# foods to help me bulk



## jazzo1 (Jul 20, 2013)

Hey im starting a bulk and am going to be eating more that usually would..

What foods would you guys recommend to help me hit my calorie numbers im recommended to bulk by 3500 calories..

I have seen a lot of diets on here using whole milk

any other high calorie cheap foods??


----------



## 2004mark (Oct 26, 2013)

What you were eating before... just more of it


----------



## jazzo1 (Jul 20, 2013)

I don't think a bulking shake will cut it anymore....


----------



## G-man99 (Jul 15, 2008)

jazzo1 said:


> I don't think a bulking shake will cut it anymore....


Have 2 then


----------



## AestheticManlet (Jun 12, 2012)

Extra virgin olive oil, full fat milk, oats. They're some of the main things in my diet at the moment lol.


----------



## Robbiedbee (Nov 27, 2013)

Start your day with whole eggs and oats.
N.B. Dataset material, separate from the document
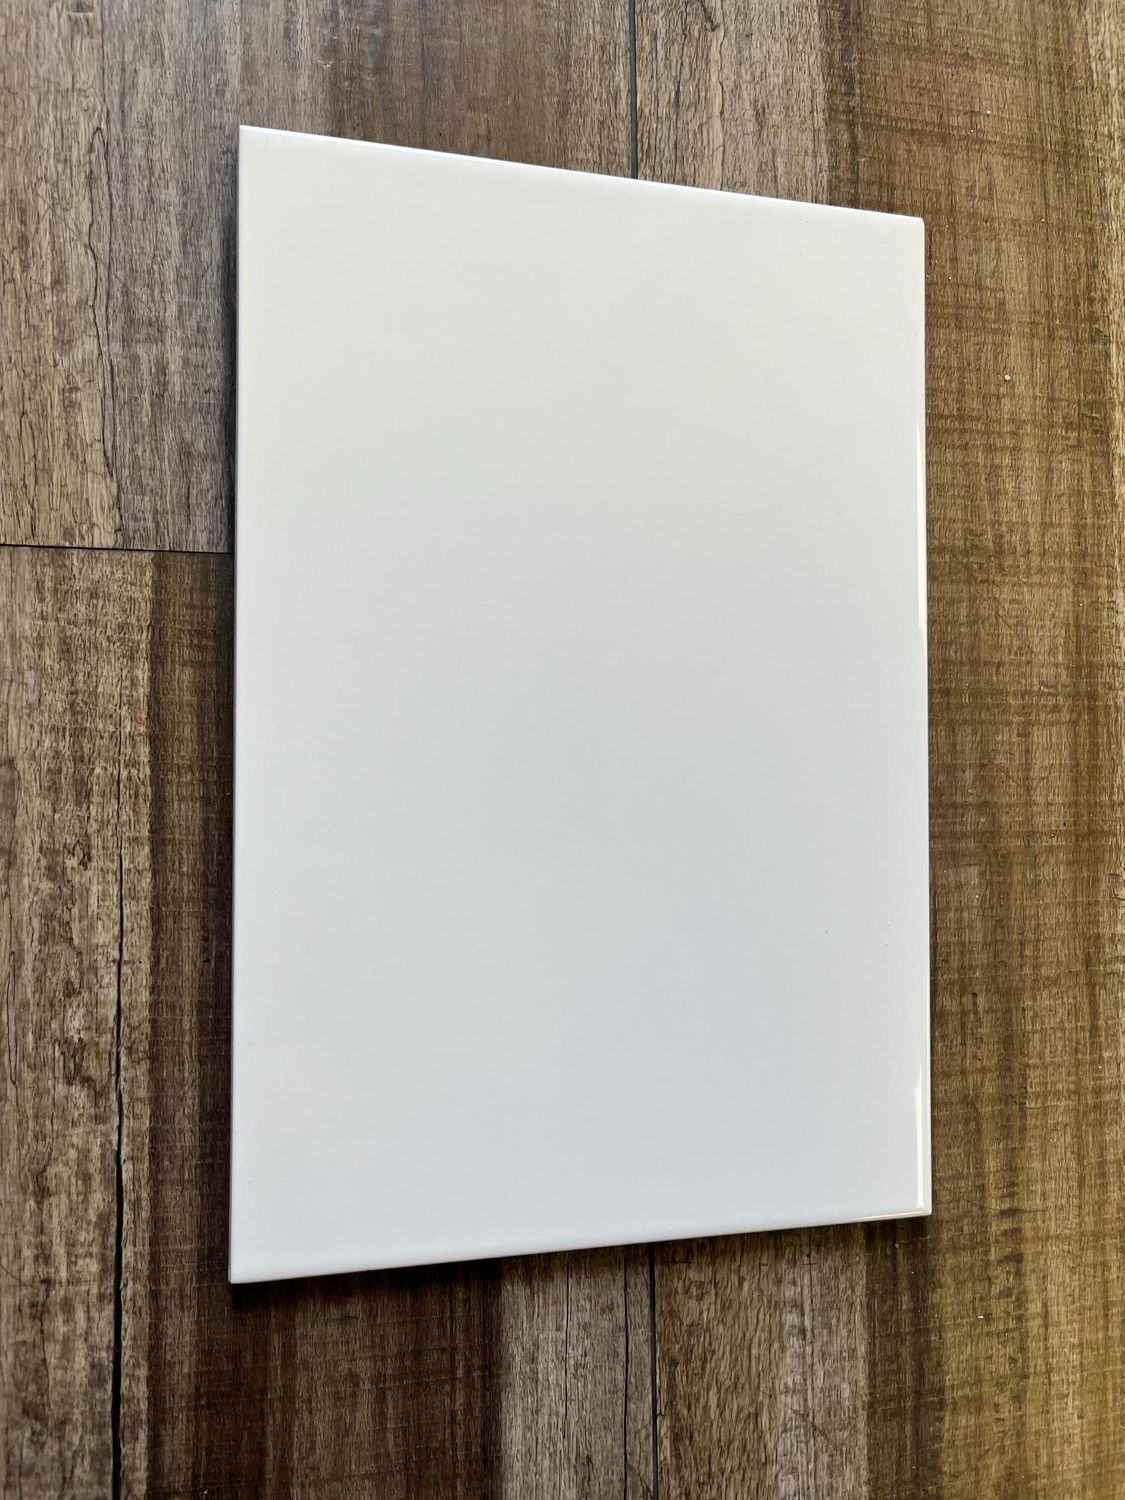 White 8x12 Glossy Ceramic Wall Tile (12 sq. ft. / case - 18 Pieces) for Kitchen backsplash, Bathroom Shower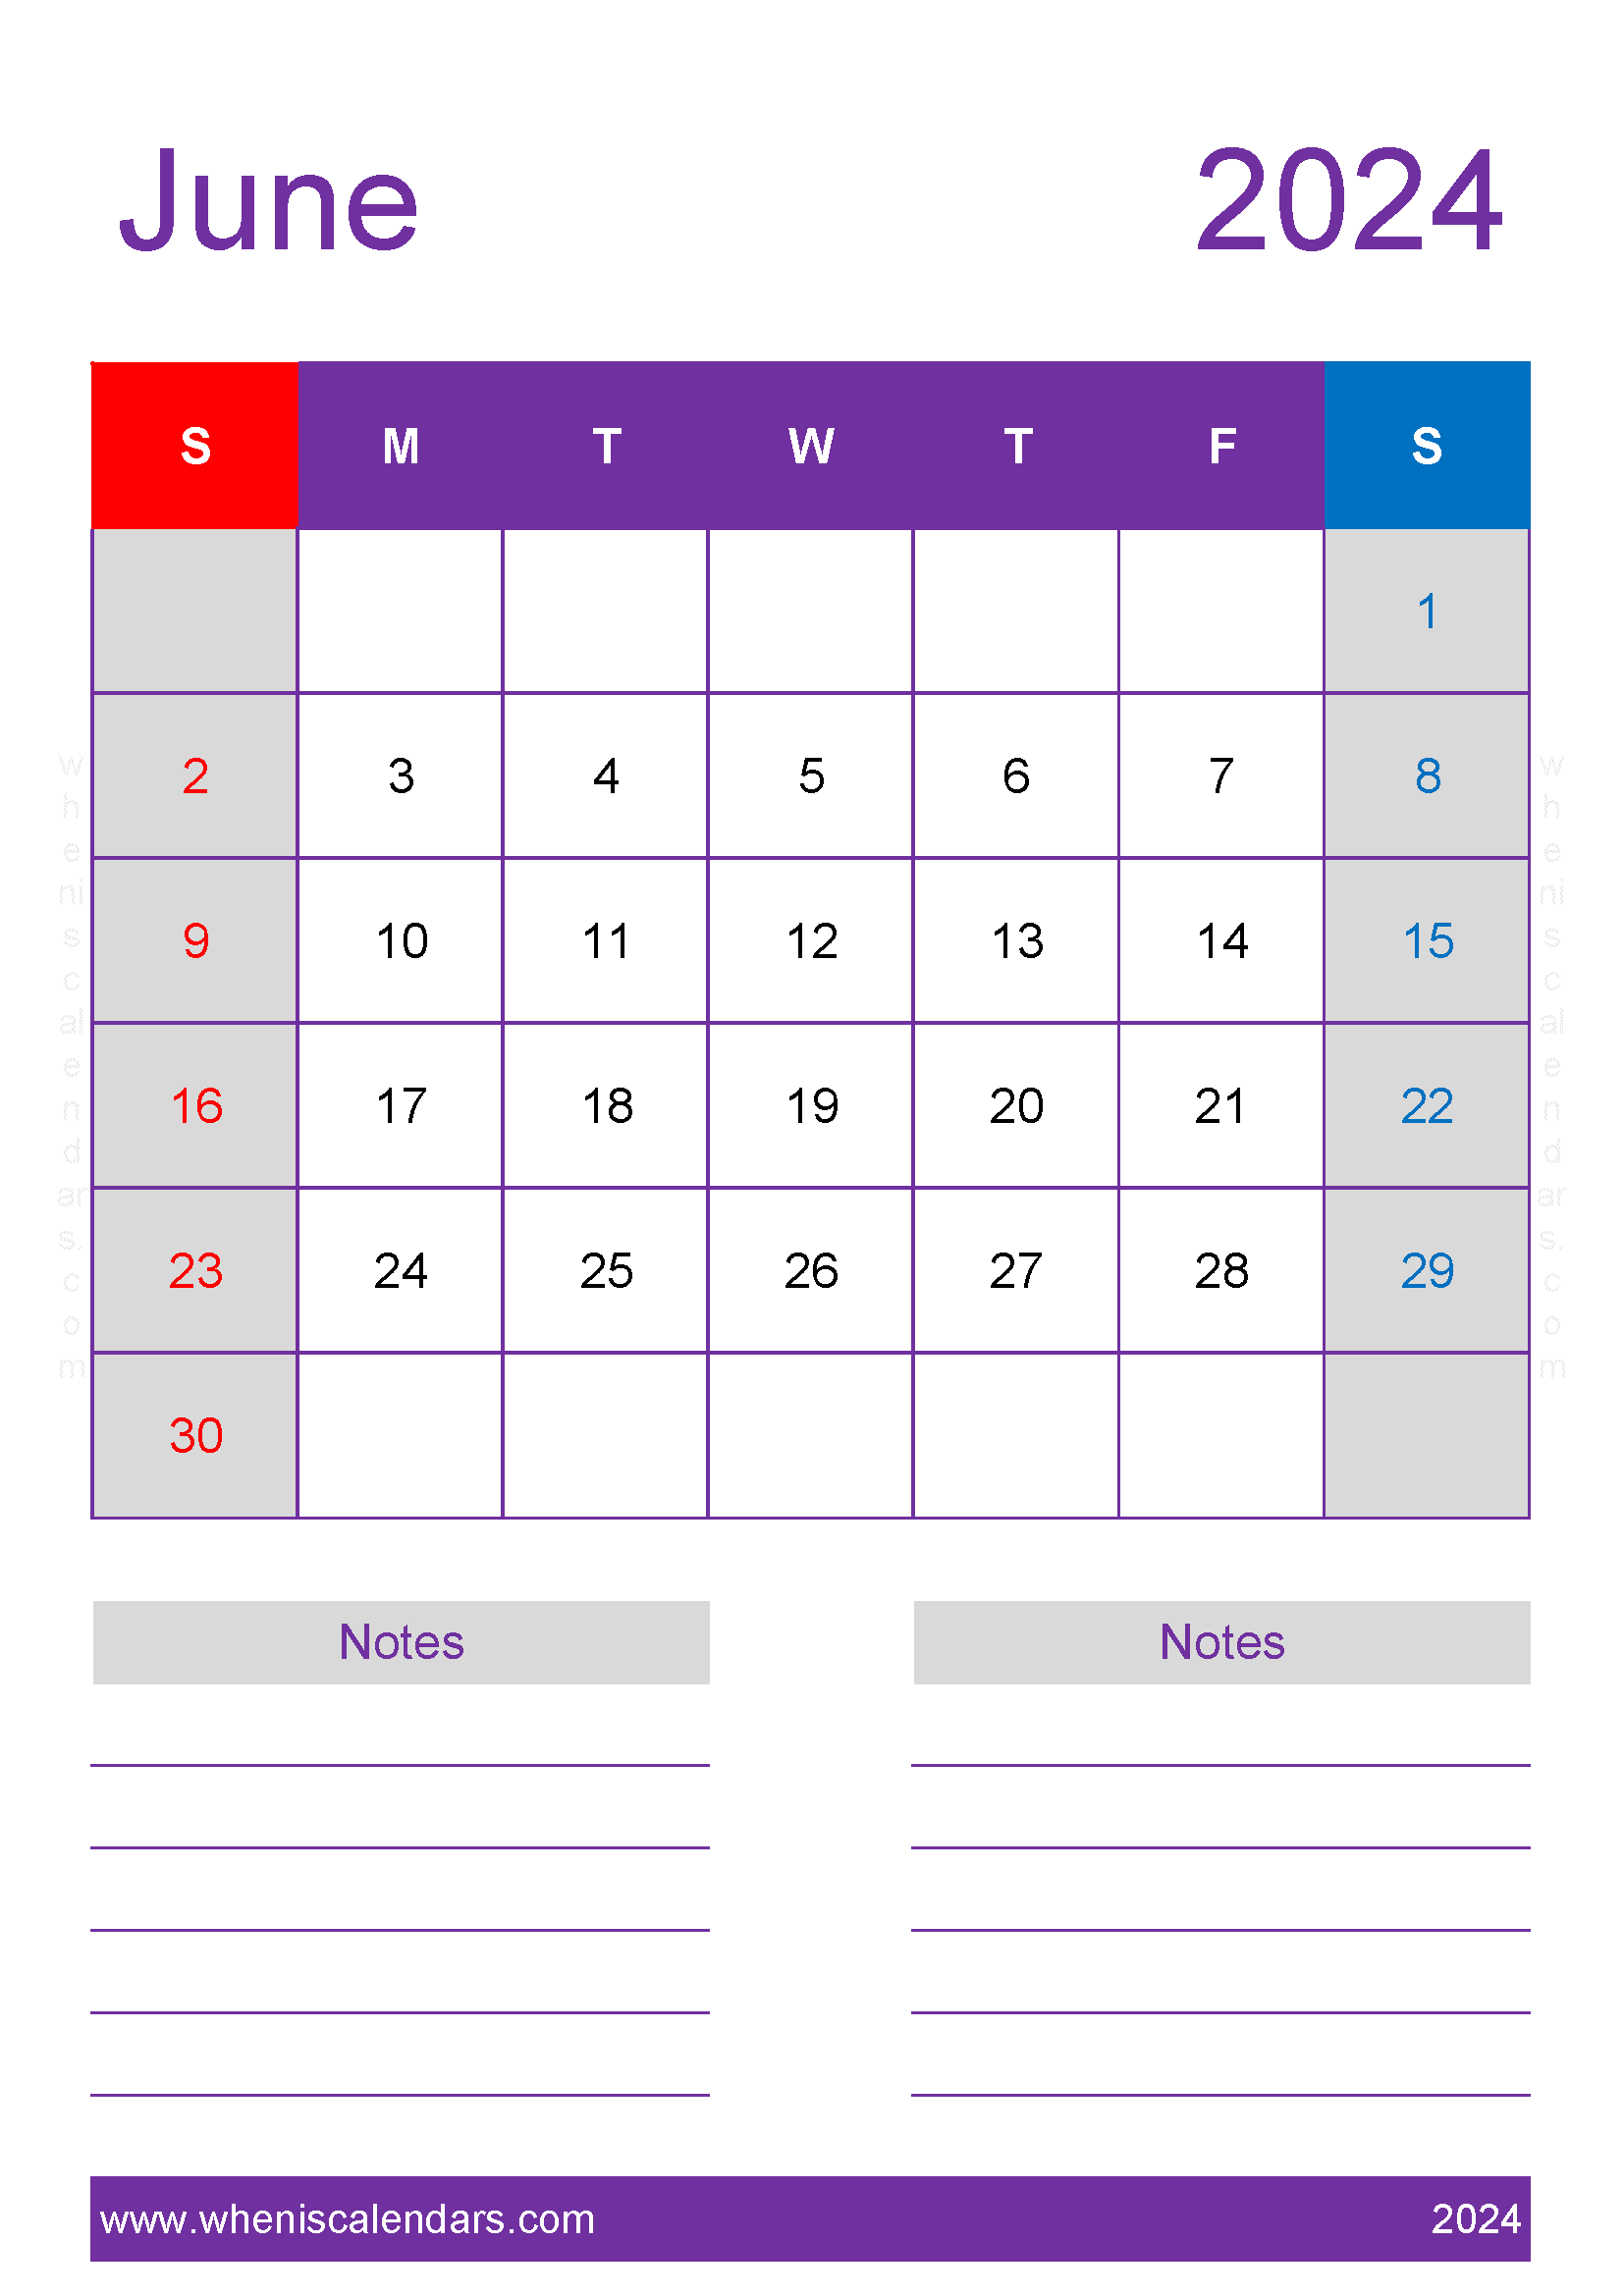 June 2024 Calendar large print Monthly Calendar

Milk, eggs, oats are all fantastic when bulking and cheap.


----------



## jazzo1 (Jul 20, 2013)

whole milk, oats, peanuts, peanut butter, tuna.... this is the trend im noticing for foods on this site... ad in a protein drink from myprotein as well... I also eat a lot of bananas..


----------



## PHMG (Jun 15, 2010)

jazzo1 said:


> whole milk, oats, peanuts, peanut butter, tuna.... this is the trend im noticing for foods on this site... ad in a protein drink from myprotein as well... I also eat a lot of bananas..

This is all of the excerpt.